Before Crocs (CROX) and Heelys (HLYS) saw their stocks implode in late 2007, analysts had fallen asleep at the wheel. While the shorts had already figured out how inventory would build and estimates and price targets would all need to be cut dramatically on both companies, almost all of the analysts following CROX and HLYS simply based their estimates on the guidance being offered by these companies. Needless to say, we all know how these stories played out so quickly and dramatically to the downside.
This leads us to Skullcandy (SKUL). Although shorts have covered some of their position, 38% of the total outstanding share count is held short. Even with the stock 40% off of its highs, they are not covering in droves. This tells us a lot. They see lower prices ahead and we think the shorts are going to be right.
Price pressure has begun to build in the channel. Target (TGT) recently lowered the prices of the company's Ink'd product to $16.99 from $19.99, while RadioShack (RSH) has begun to offer 30% discounts on Skullcandy products. This is a toxic mix for any company with a consumer bent. With prices being lowered on their products, this suggests that excess inventory is being built up in the channel. Excess inventory ultimately means lower profit margins and could eventually lead to no profit at all.
After enjoying a first mover advantage for the past few years, a number of new entrants have been moving into the headphone/earbud space recently. While Dr. Dre continues to gain share, Sony (SNE), Panasonic (PC), Motorola, and Sennheiser have all flooded the markets with their respective offerings. To understand how dogged the competition is, investors who are long Skullcandy should take a few minutes to view the various offerings on Amazon.

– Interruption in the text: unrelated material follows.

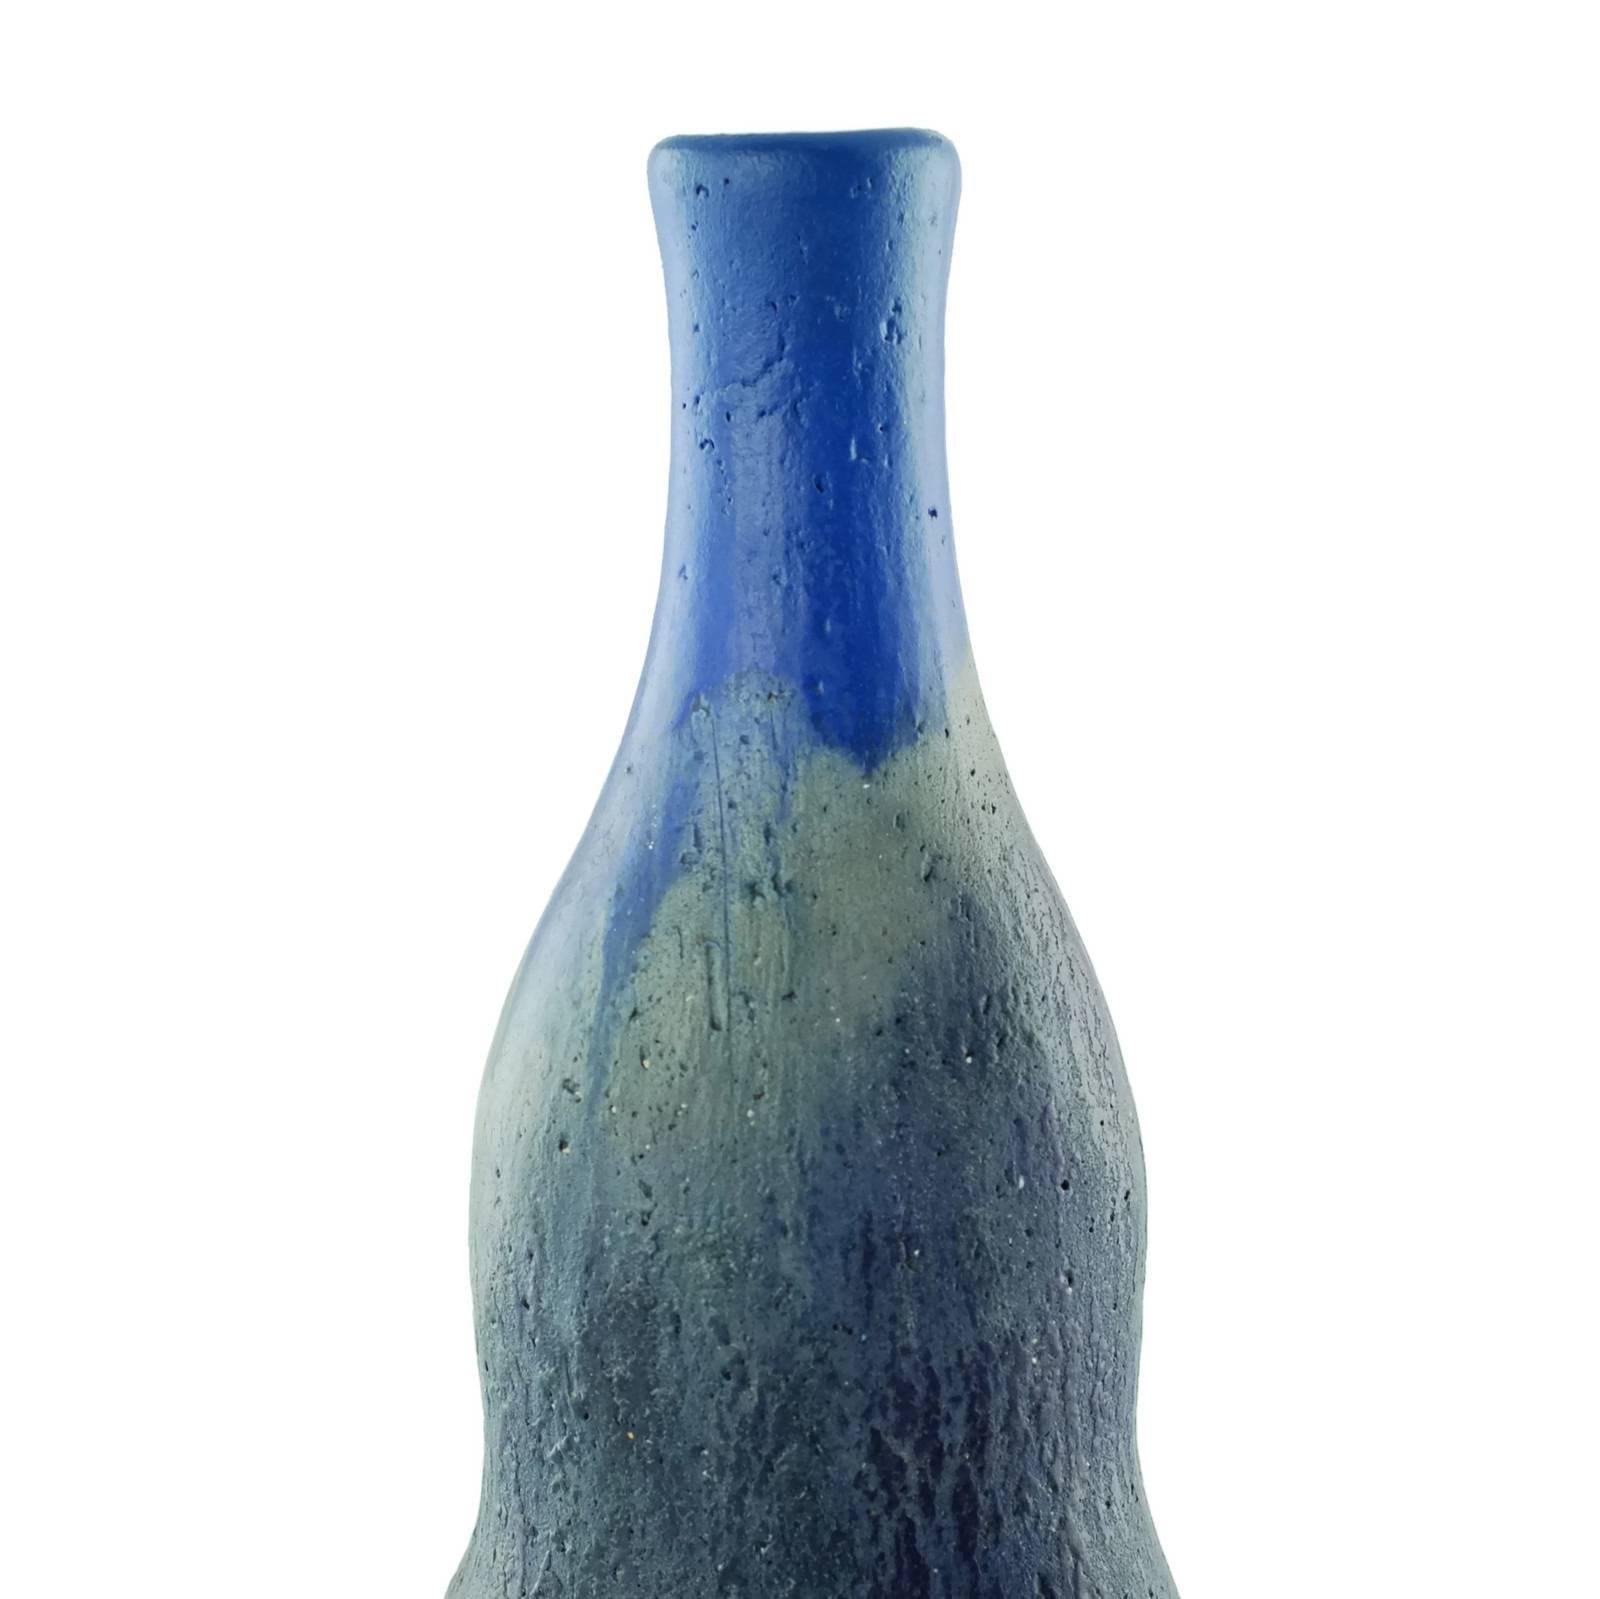 Glazed Midcentury Marcello Fantoni for Raymor Double Gourd Form Vase For Sale

While the market for headphones and earbuds has taken off with the proliferation of smartphones, how much room is there for a company such as Skullcandy to differentiate itself from other competitive offerings? Without a proprietary and differentiated technology offering that sets it head and shoulders above competition, we feel that Skullcandy's current market share is going to be eaten into by the various new offerings that have flooded the market.
If we are right in our assessment, we feel that the current estimates for 2013 are way too high. The shorts know this and this is why most of them have held onto their short positions ahead of earnings shortly. Excess inventory in the channel is only going to build further from here. This is why prices are being cut. There are too many products out there and not enough demand for the products, a deadly combination.
Although we are not sure of the timing of a new down-leg for the stock, we feel confident that the company's negative inflection point has arrived from a fundamental perspective. While we are not short the stock, if our broker could find a borrow, we would certainly short it at current prices. We feel that an eventual move to $6-$7 is in the cards as the current estimates for 2013 get cut and move a lot lower.